Regional Grocer Beats Amazon in a Photo-Finish in eCommerce Rankings

dunnhumby's first eCommerce Retailer Preference Index (RPI)

Executive summary

  • dunnhumby’s first eCommerce Retailer Preference Index (RPI) ranks H-E-B, Amazon, Amazon Fresh, Walmart, and Sam's Club as the five best online grocers. Although the dominance of Amazon and Walmart in the online space might not come as a surprise, H-E-B stands out in first place, and it is worth highlighting the regional grocer has the best emotional connection and online share of wallet, among their customer base, out of all of the retailers in this study.

  • This study reveals that the best-performing e-grocers are achieving their results by excelling at the two most important drivers of preference: Owned Digital Asset usage and Ease & Reliability. The first driver refers to the customer perception that they are purchasing through the retailer's owned app or website, rather than through a third-party intermediary (i.e. Instacart, Shipt, etc). Ease & Reliability, on the other hand, refers to the eCommerce basics: a smooth user experience combined with fast, convenient, and timely fulfillment.

  • Retailers who lean more heavily on intermediaries — and who are less likely to own the eCommerce experience — have lower scores for ease/reliability, higher bounce rates, and fewer pages/visits. In these cases, Customer loyalty is with the retailer, not the intermediary. All three major intermediaries (Instacart, Shipt and Door Dash) had lower emotional connection than nearly every grocery retailer measured.

  • Meanwhile, for assortment, online prices, variety, and quality perceptions demonstrate no clear pattern with eCommerce results. This means that grocers with weak online price perception are just as likely as grocers with strong online price perception to achieve a strong online share of wallet, visit growth, and emotional connection.
  • This absence of connection between the perception of online prices, online assortment, and online customer success serves as evidence of two things: the importance of omnichannel brand equity, and the differences in needs between the omnichannel and brick-and- mortar only shoppers. Omnichannel shoppers are more time-starved than brick-and-mortar only shoppers. If a retailer delivers on ease/reliability of the eCommerce experience to save customers time, this positive online customer experience will likely leave a halo effect on online prices and product quality.
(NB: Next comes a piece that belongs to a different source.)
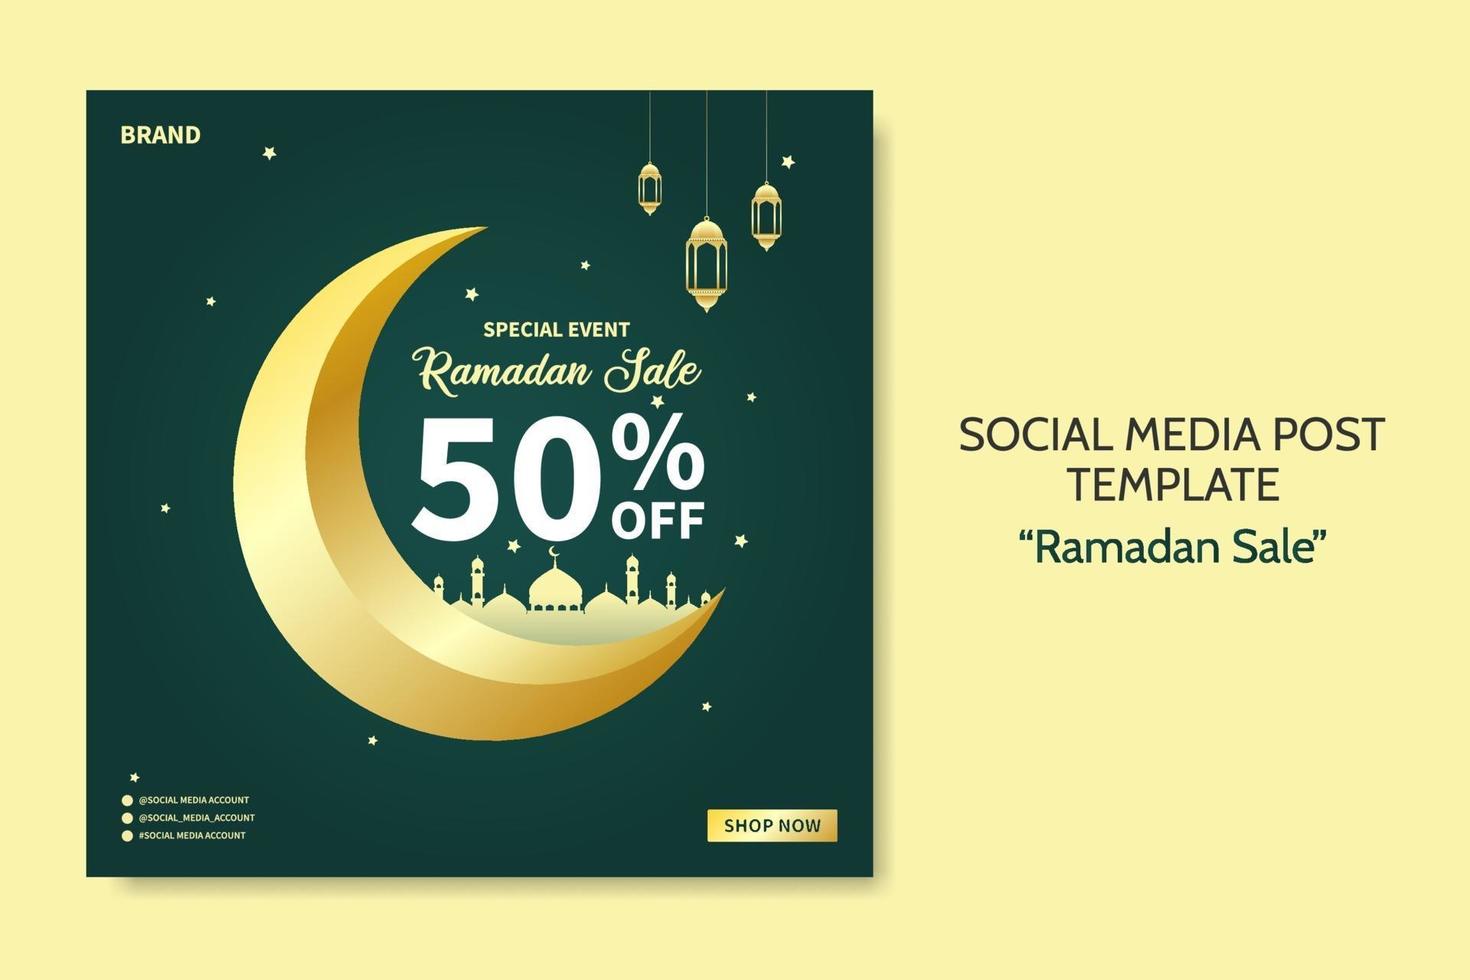 Ramadan Verkauf Social Media Post Vorlage. Web-Bannerwerbung mit grünem und goldenem Farbstil für Grußkarte, Gutschein, islamisches Ereignis. vektor

  • Put another way, an omnichannel shopper likely began their relationship with a retailer in the brick and mortar channel, and they mostly bought into that retailer’s price/quality equation long before trying their eCommerce channel. They are venturing into that eCommerce channel for the benefit of time savings and are less likely to be critical of online prices and products than they are of online experience.

  • In general, the online grocery shopper has a more focused mission when buying online than in-store, purchasing fewer categories, a characteristic that is even more pronounced in the top-performing e-grocers. Top performers' customers also tend to have a highly functional and straightforward interaction with their stores, which aligns with the importance placed on eCommerce basics – consistency, ease, and reliability of the experience – as a driver of choice.

  • Third Tercile retailers’ shoppers over-index in automatic repurchases, personalized discounts and recommenders and getting informed on store initiatives. If grocers want to attract customers that look like First-Tercile customers, they should master the blocking and tackling of eCommerce first before embarking on other digital innovations around pricing, promotions, or new products. This heightens the importance of knowing the target shopper and being surgical in building channel experiences that aligns with their needs.

Context

Some retailers struggled to keep pace with the initial surge of online visits, which resulted in many customers having less than satisfactory first experiences with the channel. This is a problem. Thanks to the strong growth rates over this time period, the eCommerce channel will be nearly as large of a source of new grocery revenue as the much larger brick and mortar channel.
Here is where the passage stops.